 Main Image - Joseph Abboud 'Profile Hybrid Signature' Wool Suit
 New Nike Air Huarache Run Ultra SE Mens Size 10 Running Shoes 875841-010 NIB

==

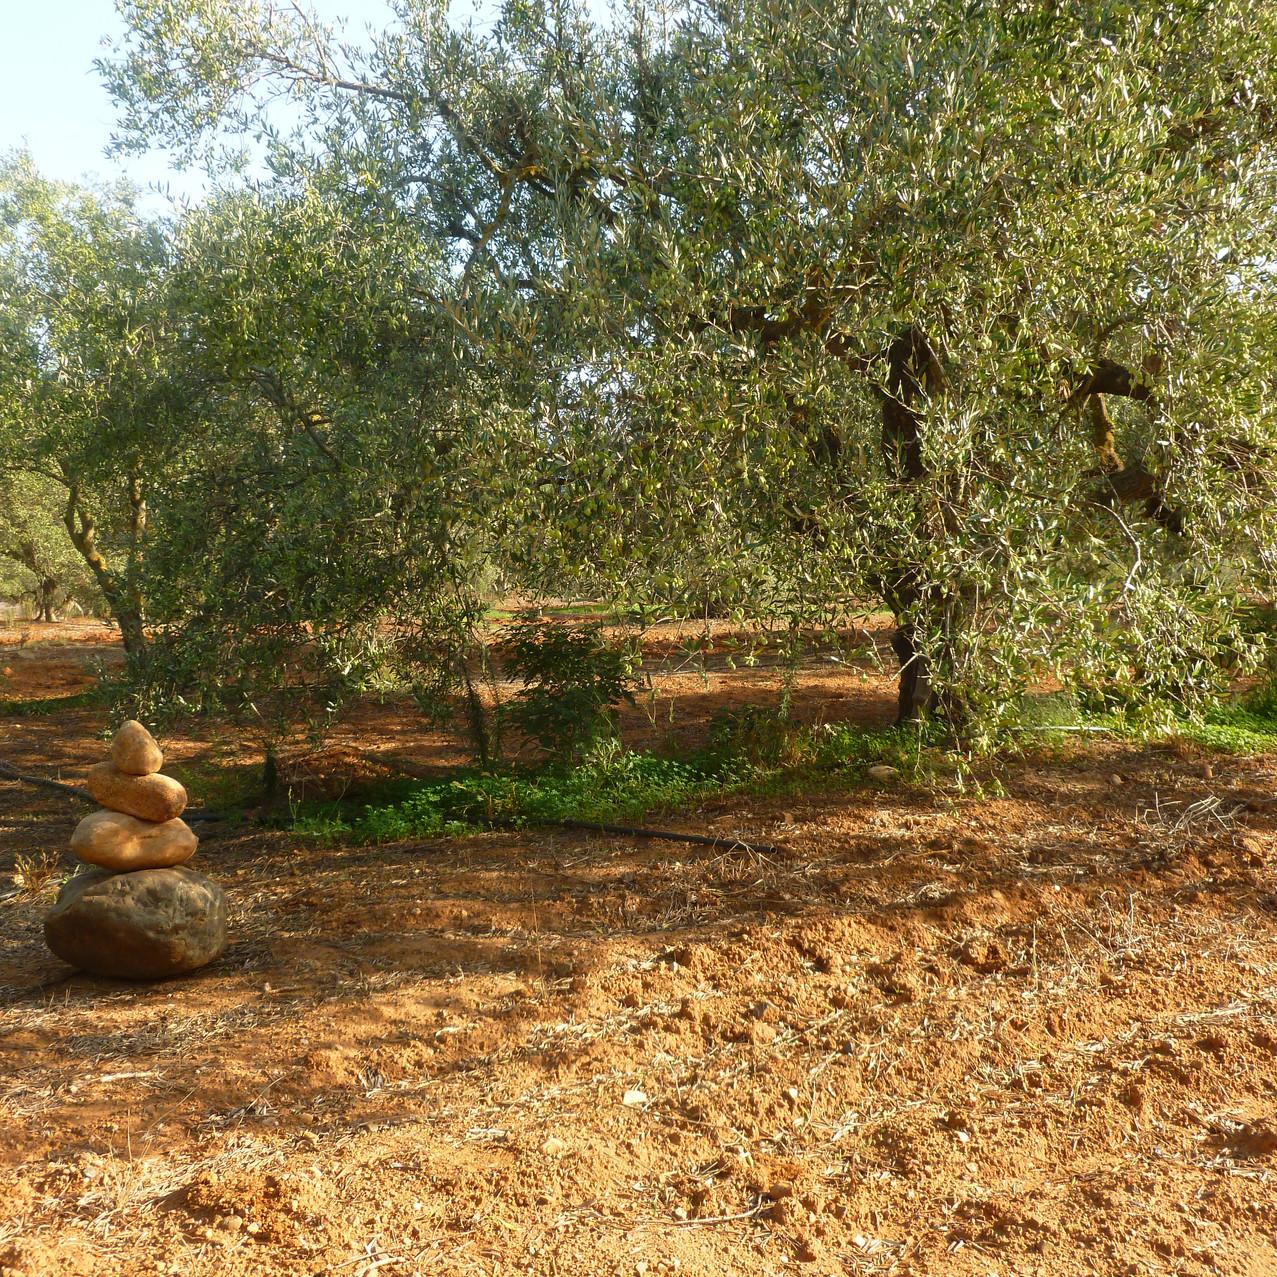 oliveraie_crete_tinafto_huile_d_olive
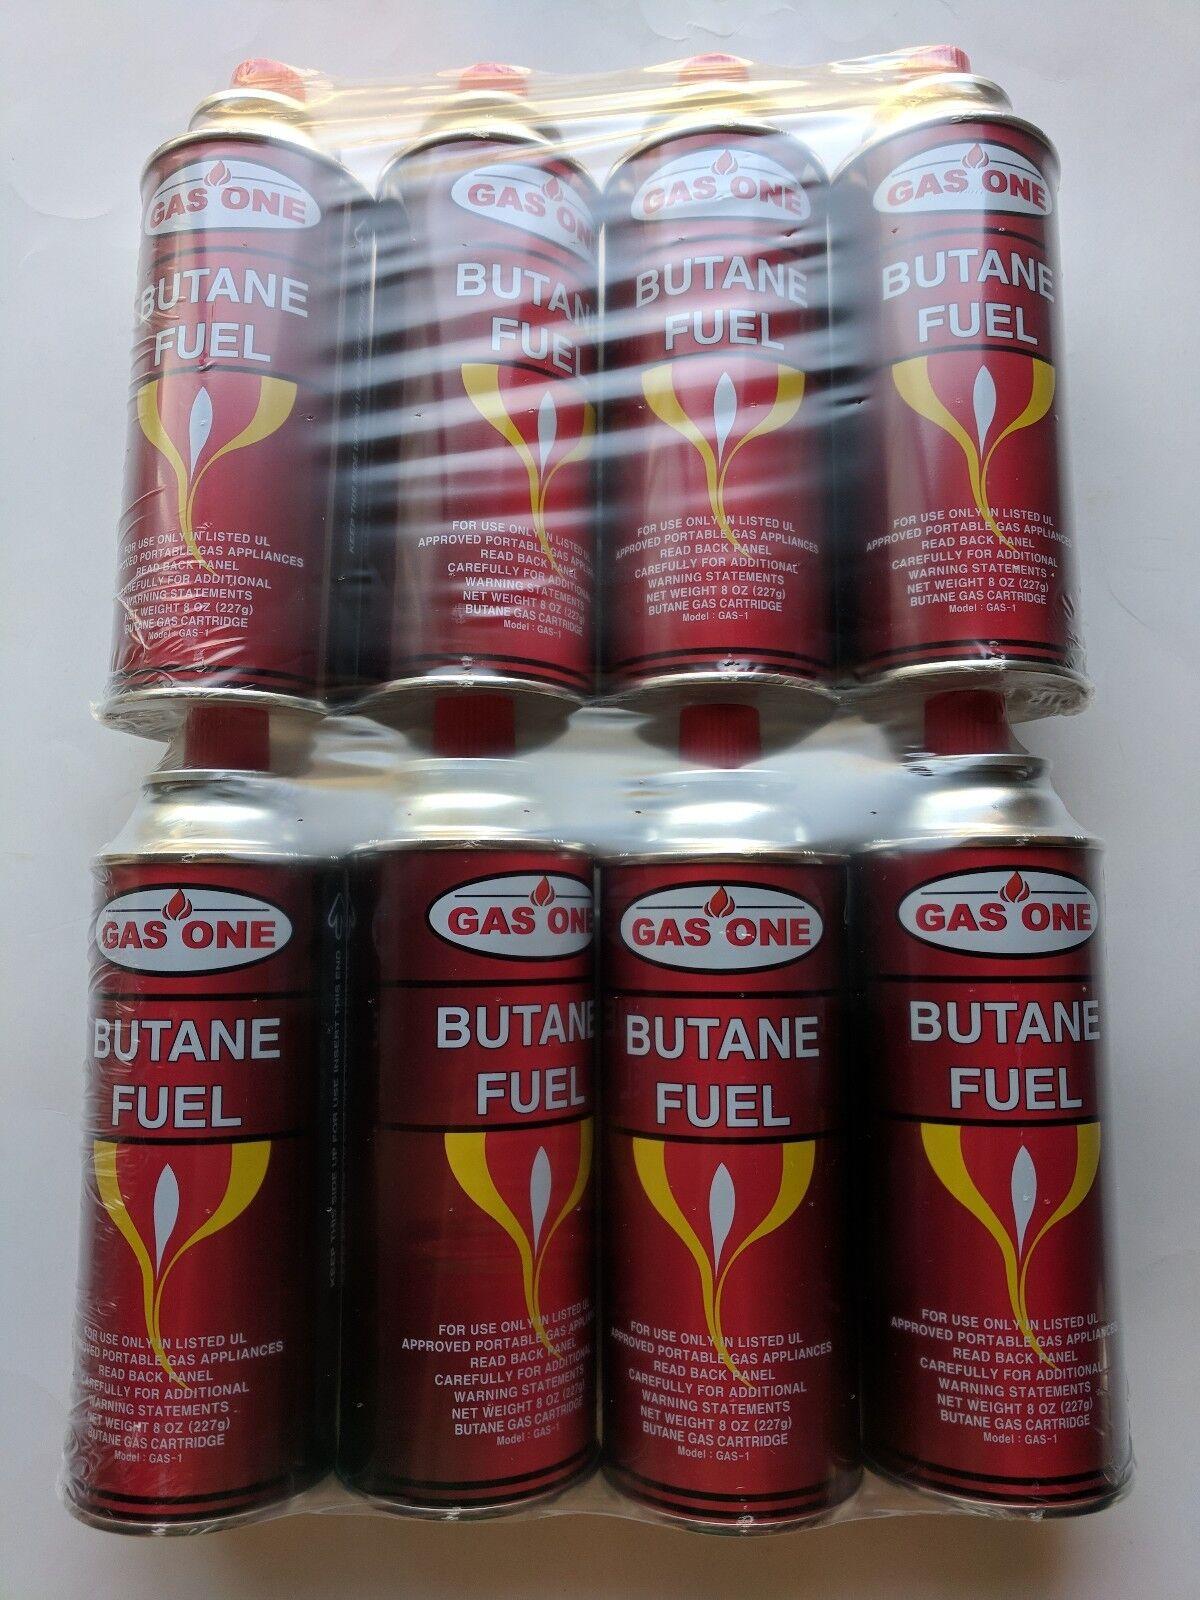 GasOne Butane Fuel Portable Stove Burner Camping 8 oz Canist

**WORK REQUEST**:
Copy nothing but the lines above that run from the one with "oliveraie_crete_tinafto_huile_d_olive" to the one with "GasOne Butane Fuel", ends included; pictures stay out.

**TASK ANSWER**:
 oliveraie_crete_tinafto_huile_d_olive
 GasOne Butane Fuel Portable Stove Burner Camping 8 oz Canist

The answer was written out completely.